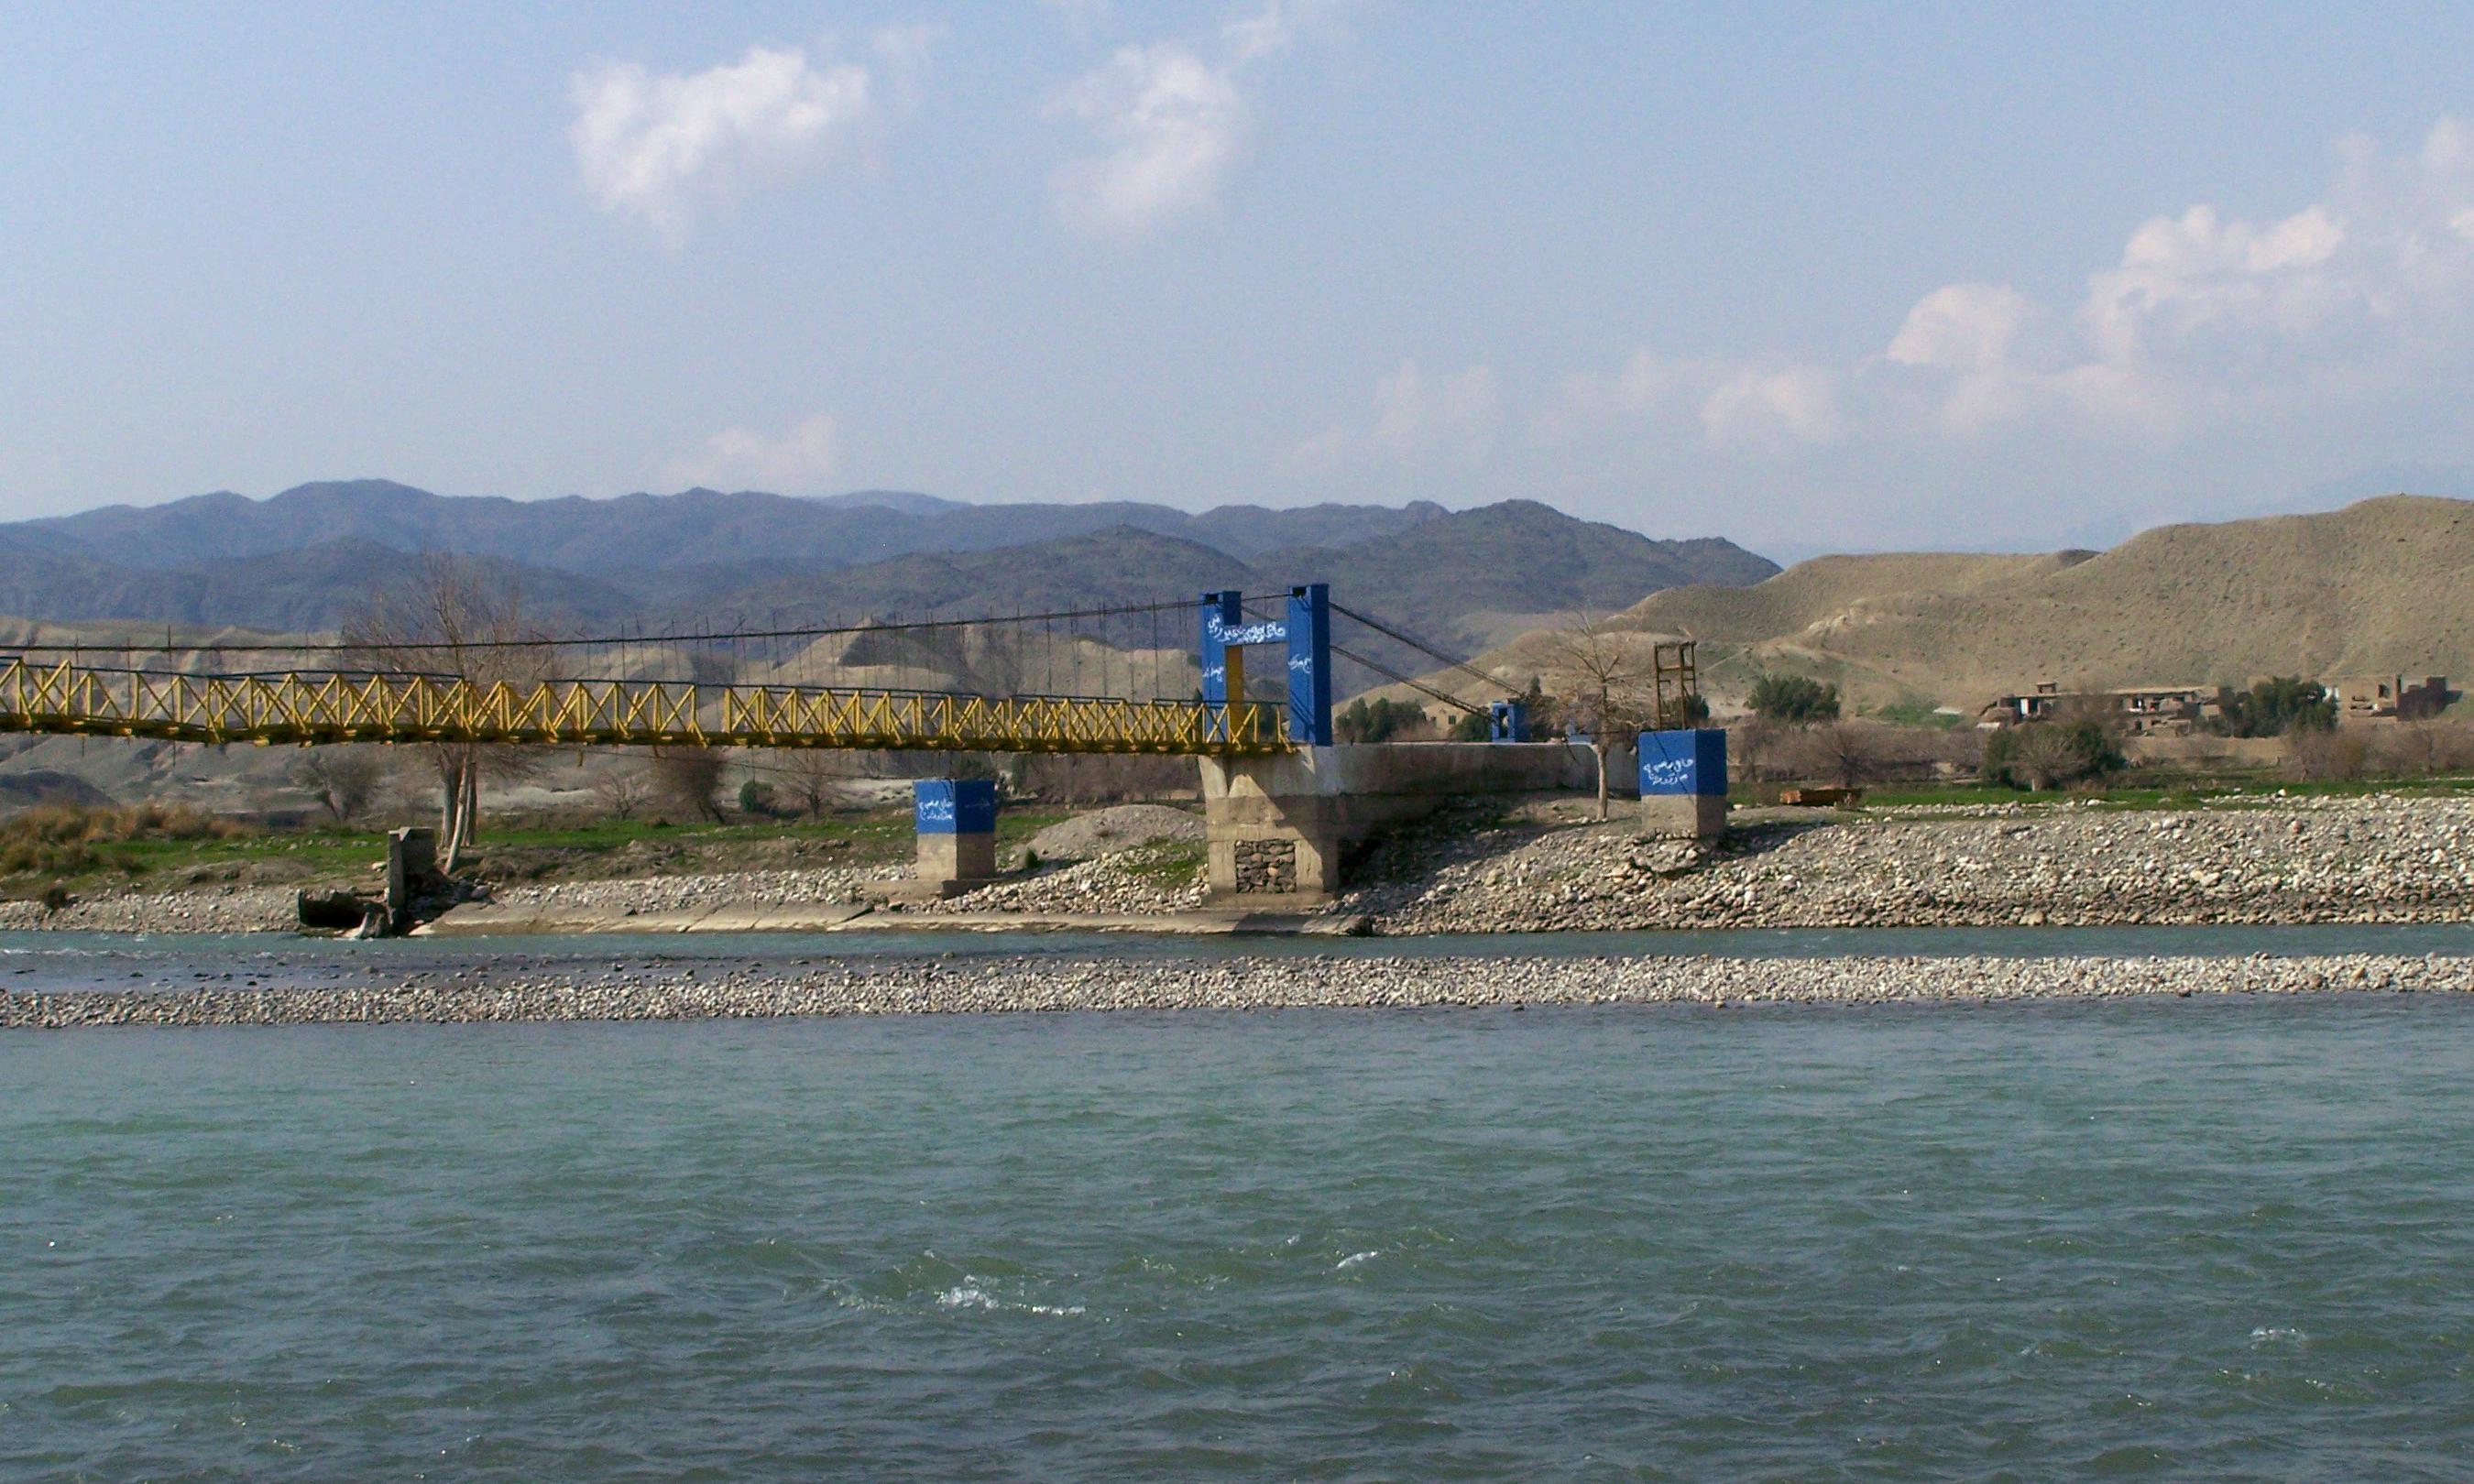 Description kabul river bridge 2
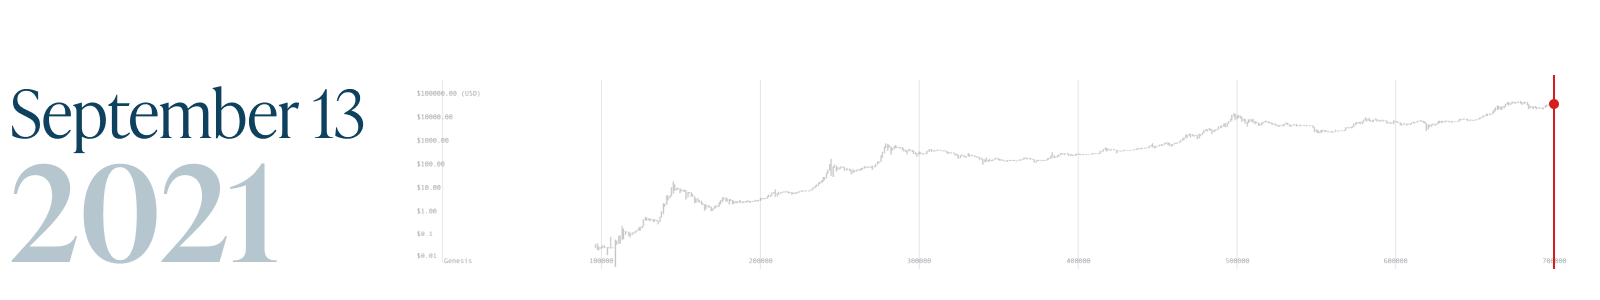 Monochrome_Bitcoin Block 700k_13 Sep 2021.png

━━━━━━

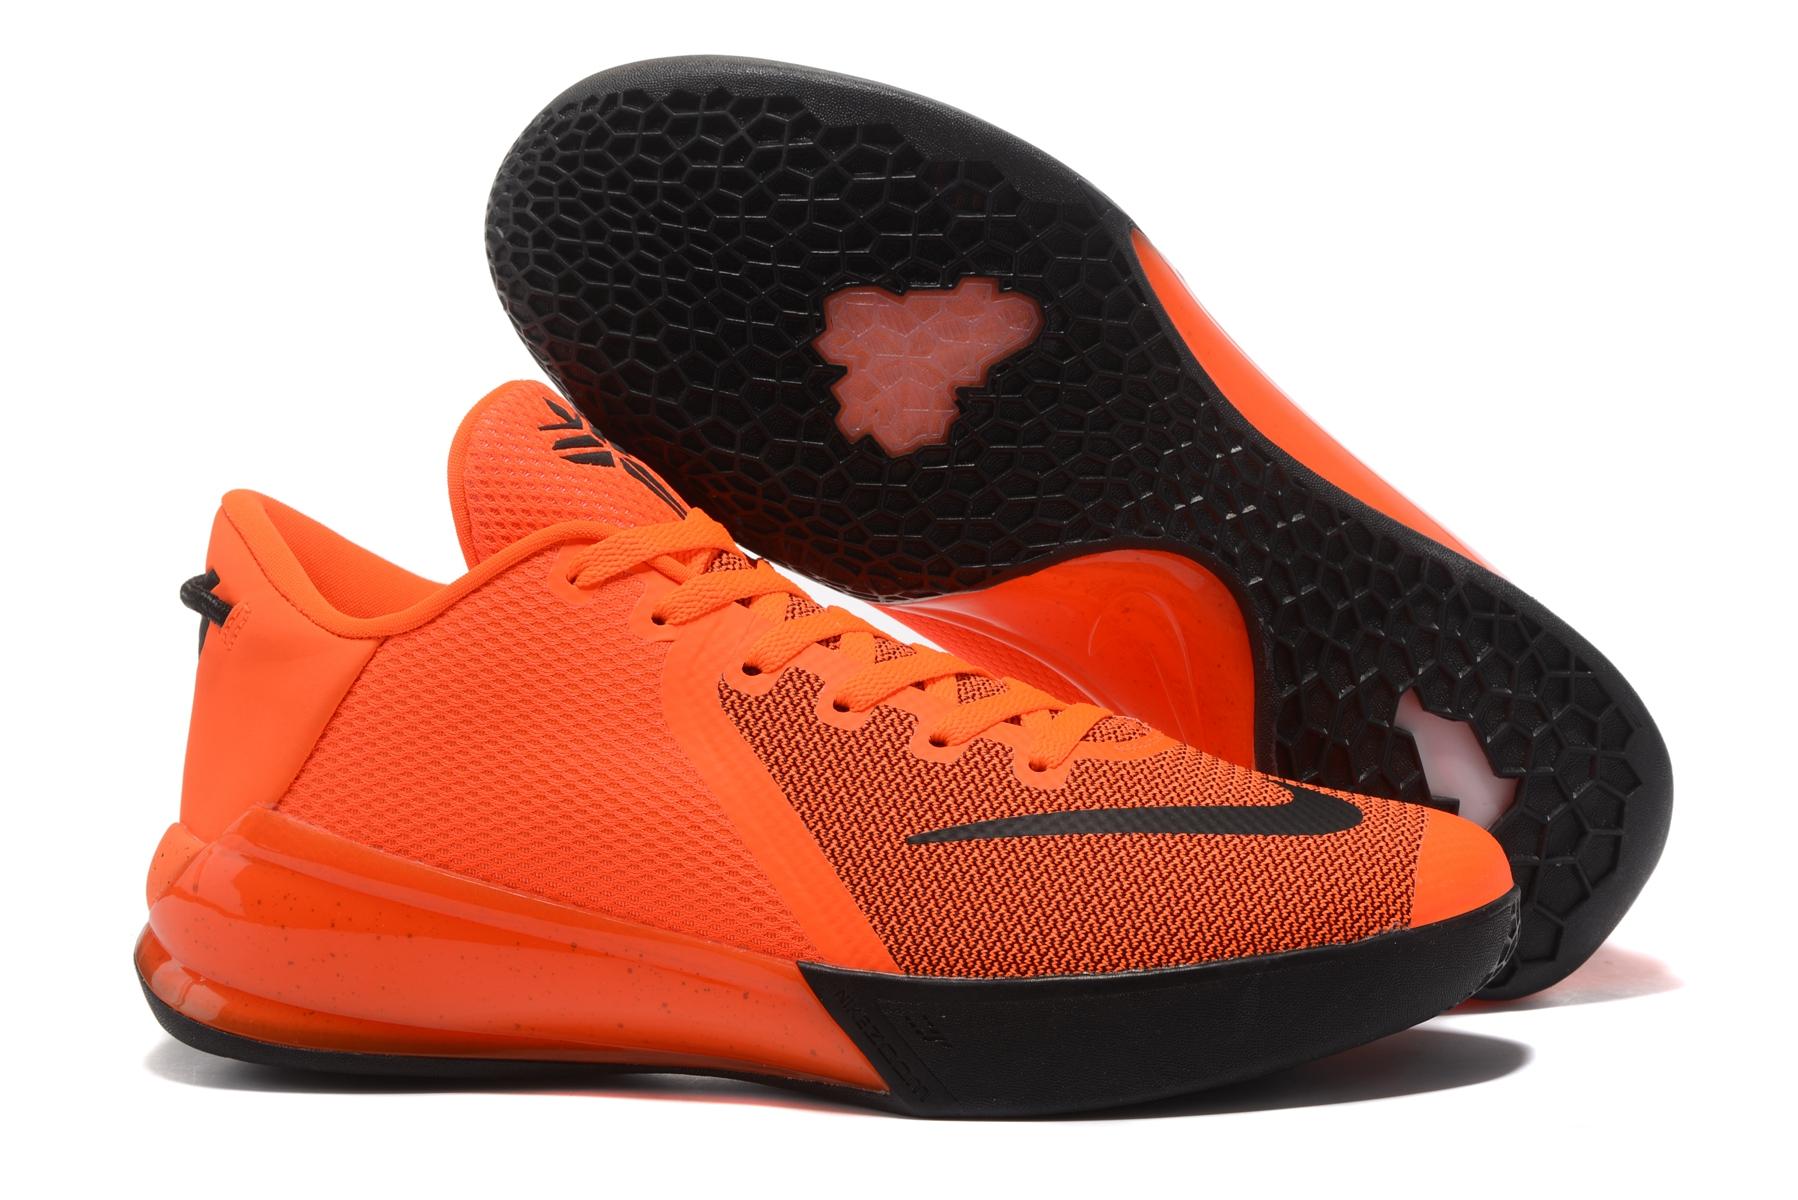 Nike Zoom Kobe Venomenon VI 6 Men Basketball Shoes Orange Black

━━━━━━

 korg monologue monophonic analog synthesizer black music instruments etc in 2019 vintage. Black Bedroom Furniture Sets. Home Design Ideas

━━━━━━

▶ [Work item]: Could the stretch from the line with "Description kabul river bridge 2" through the line with "Monochrome_Bitcoin Block 700k_13" in the listing above be restated word for word, minus the pictures?

▶ [Task result]:
 Description kabul river bridge 2
 Monochrome_Bitcoin Block 700k_13 Sep 2021.png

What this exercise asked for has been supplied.